The initial concept and core of this add-in was developed by 'The Trick'. (VB6-Trick-Advanced-Tools)

I needed a stripped-down version of this to just intercept the linking events. Thus other features, also those who causes problems on compiling in some projects ('Global Checking' section, to remove integer overflow checks etc.), are not contained.

By using this linking events you can place a file location which will be shell executed (e.g. batch file).
Reasons for such need are for example to replaces .obj files with Cobj files in order to statically link an C library into the Std-EXE or Ax-DLL.
The batch file to replace .obj with .cobj file could look like this:


```
del xyz.obj
copy xyz.cobj xyz.obj
```

Real life example is the sqlite3win32 project from 'VBForumsCommunity' to Staticly compile sqlite3 into a VB6 project.

This add-in will write to the [VBCompiler] section of an .vbp file:


```
[VBCompiler]
LinkSwitches=KERNEL32.LIB /OPT:NOREF /OPT:NOWIN98
LinkBefore=replace_cobj.bat
```

However, it detects and preserves in case there is a [TAT] section available from the Trick Advanced Tools to maintain compatibility. In case it is detected a checkbox will appear, giving the opportunity to preserve or break compatibility with the Trick Advanced Tools.

----------


## georgekar

I get a message
LINK : fatal error LNK1181: cannot open input file "KERNEL32.LIB"
I found the KERNEL32.LIB so I put this
C:\Program Files (x86)\Windows Kits\10\Lib\10.0.18362.0\um\arm64\KERNEL32.LIB /OPT:NOREF /OPT:NOWIN98
In the addin, but I get another error:
...........Incremental Linker Version 6.00.8447
.............
LINK : fatal error LNK1181: cannot open input file "C:\Program.obj"
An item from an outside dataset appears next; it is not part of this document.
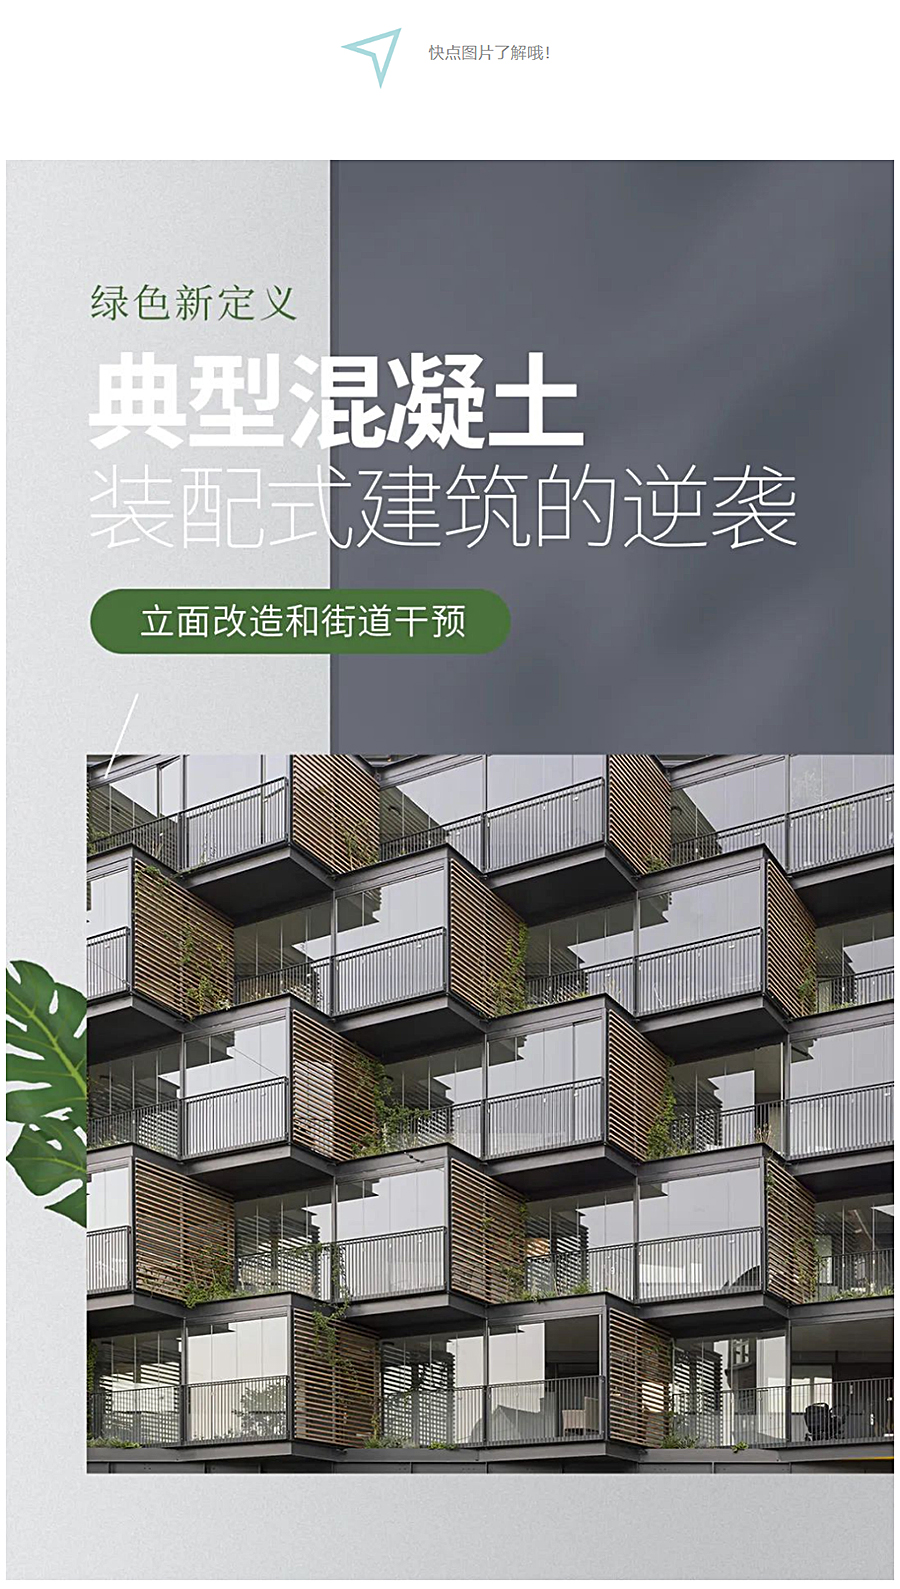 Renewal-Zone：绿色新定义｜典型混凝土装配式建筑的逆袭_0001_图层-2.jpg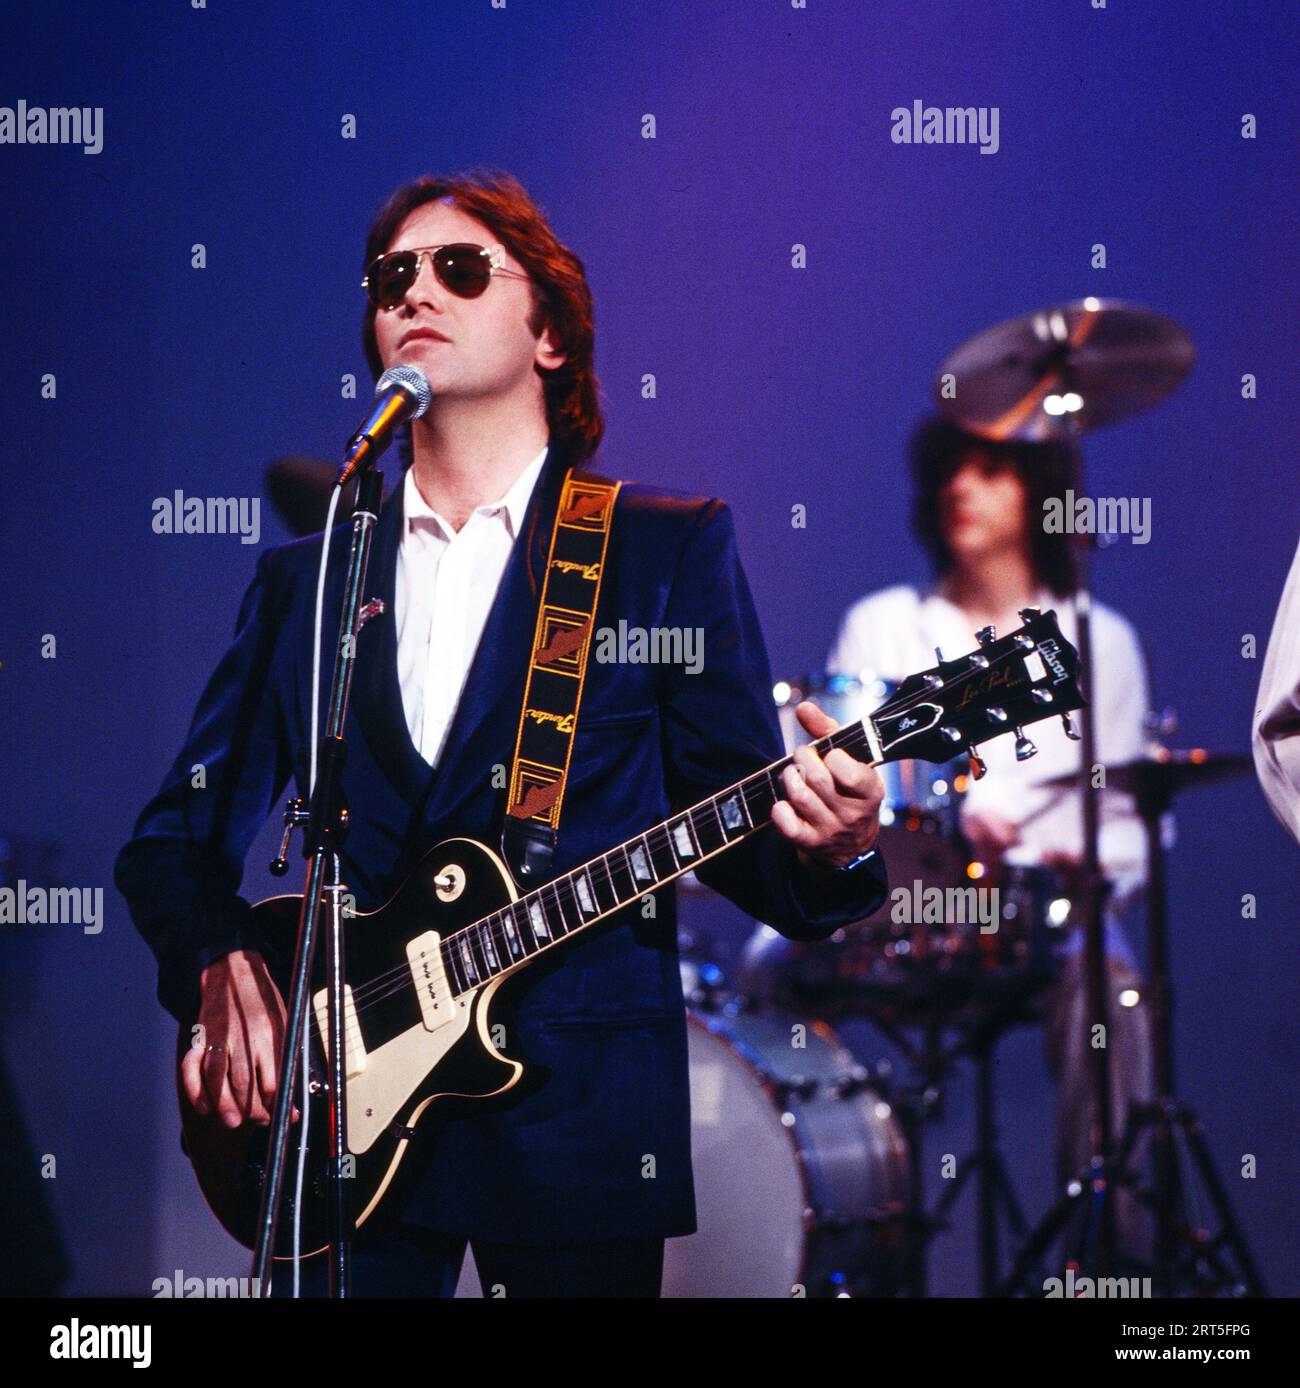 10cc, britische Rockband um den Sänger Rick Fenn mmit Sonnenbrille, bei einem Auftritt in Deutschland 1980. Stock Photo

In replace_cobj.bat there are two statements for copy, but the files *.cobj not exist (there not in the zip file)
I use Windows 10 64bit
Any Idea

----------


## georgekar

I get the files from git, and finally i have a bin file with the 3 files:
sqlite3win32.dll
sqlite3win32helper.cobj
sqlite3win32stubs.cobj

----------


## Eduardo-

I'm trying to compile VBSQLite but I always get this error:



I also tried running the Add-In in source code, and I see that Function InitializeHooks runs fine, to the end (InitializeHooks = True), but in ModCallback Public Function TipFinishExe2_user is never called when I compile.

----------


## wqweto

This usually means that LinkSwitches or .cobj external dependencies are prevent the linker from producing executable.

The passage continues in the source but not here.